11 of November was the day of Diwali – one of the most celebrated Hindu festivals of the year. The victory of light over darkness. As one of my friends precisely described it – the festival of pyrotechnics.
For the first part of the day we had planned to visit the market (which is a little bit outside the tourist area) and explore the Ahar site. The way to the main market area was very fine. Shops were mostly organised by sold items – clothes, jewellery, shoes, pots and plates, electronics etc. We were not looking to buy something – that made things easier for us. Without any struggle you can just say that you do not want to buy anything. Besides, unlike in the tourist area the salesman were way less keen on trying to sell you something.
Once we reached the real market area the scene changed. Overcrowded – kids begging, stalls and walking salesmen, rickshaws, axis, motorbikes, cows, dogs – everything in the middle of the day. Too much to bare. We had to fight our way to get out of there. I cramped my self in the arm of Stijn and looked for the fastest way out.
After a short break near the town hall, we found a rickshaw that took us to Ahar museum. We had not done much of a research (in general we are very bad at doing any research on the places we visit), so first we visited a museum based on some archeological artefacts, about 20 sculptures of different gods from medieval period and two series of miniature paintings telling stories of marriages. The fact that you don’t have t visit the museum to see the Ahar mausoleum site we learned only after seeing the exposition. But luckily it was not a big collection they had.
The mausoleum site was beautiful and completely empty. We met a couple leaving when we entered. The site was all for us (and some inhabitants of the slum-style housing at one corner of the site).

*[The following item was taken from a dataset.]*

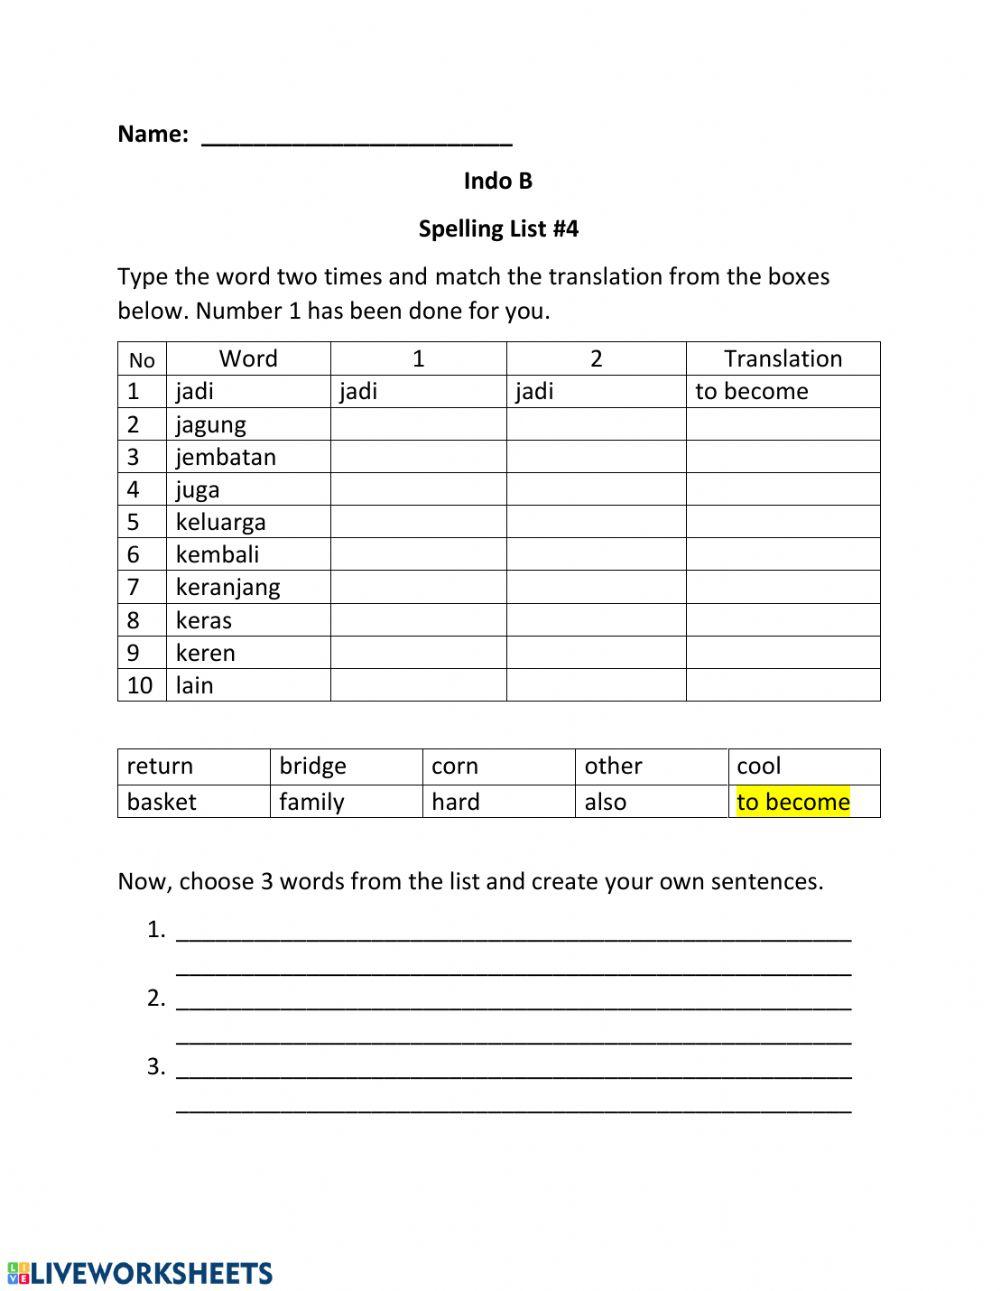 Indo B Spelling List -4

You are not supposed to take photos on the site, but someone who looked like a police man stopped us at the entrance. He wished us happy Diwali and announced that taking photos is 50 Rs. So we paid the fee without thinking too much and started to explore the different monuments build for the nobel of the town. After some 10 minutes another “guard” appeared. “No photo, sir!”. We were rather confused. We explained that we had paid the photo fee (it is very common to ask for a camera fee in museums) to someone who looked like a police man. “How much did you pay?” We told the amount of 50 Rs. A pause follows. Stijn is already putting his camera away as the man says “100 Rs and no problem!” Now we start to realise that the “police man” might be a self-made-police-man and that no photo fee exist in Ahar, but oh, well… Stijn plays it out smart: “I will give you 50 Rs!”. “Ok, sir!”.
No other man came to claim for the photo fee. We were left alone with mausoleums and many pigeons. It is a place definitely worth visiting. Beautiful architecture, silence and peace. We were happy to wonder around and enjoy the scenes.
Our plan for Diwali was to have dinner in the fancy restaurant we had visited few days back. It had a nice lake view. We wanted to see the fireworks from there. But the evening turned out differently. We were invited to join the family of Manoj, Nirmal and Sunny. Manoj is one of the guys running Millets of Mewar, but Nirmal and Madan are running the guest house. They are brothers and insisted that we join them. We accepted the invitation with pleasure.
As the sun set the city changed
Already few days before the people were painting their houses or the ground in front of their houses. Clay red and white were the most common colours. Women would draw rangoli. Some were simple, others were made with coloured sand. Every day the design of rangoli would change. Houses were decorated with dias (small lamps made in clay pots filled with oil) and different lamps. With the darkness the sound of crackers and fireworks took over. Those are not the most pleasant sounds to experience, especially if it lasts all night long.
There was a rickshaw arranged for us, as the celebration took place in family home out side the main city. We could see and hear Diwali taking over the city. Lights, fireworks and explosions of crackers were everywhere. We also had a chance to take part in it. It the house of our guests we were taken to the rooftop which has a beautiful panorama view over the city. Soon all the bothers, sisters and other siblings joined upstairs to enjoy the pleasures of pyrotechnics. We were rather shy and prudent with involving in the whole fire party. But after many encouragements by all family members, we also had a try of few fire works.
After the fun on the roof we had dinner made by the women of the house. It was delicious. It was the first time we were having a meal in someones house in India. We all sat on the ground, that food was passed to everyone. It was great. We are very thankful to the whole family for welcoming us in their home during Diwali, which is a family festival.
Back home we had one of those “this is India” moments – our rickshaw driver had taken his son with him. He had also decided that Diwali night was a good moment to let his 12 year old son to drive the rickshaw… What was maybe a good drivng lesson for the 12 year old, was quite scary drive back home for us.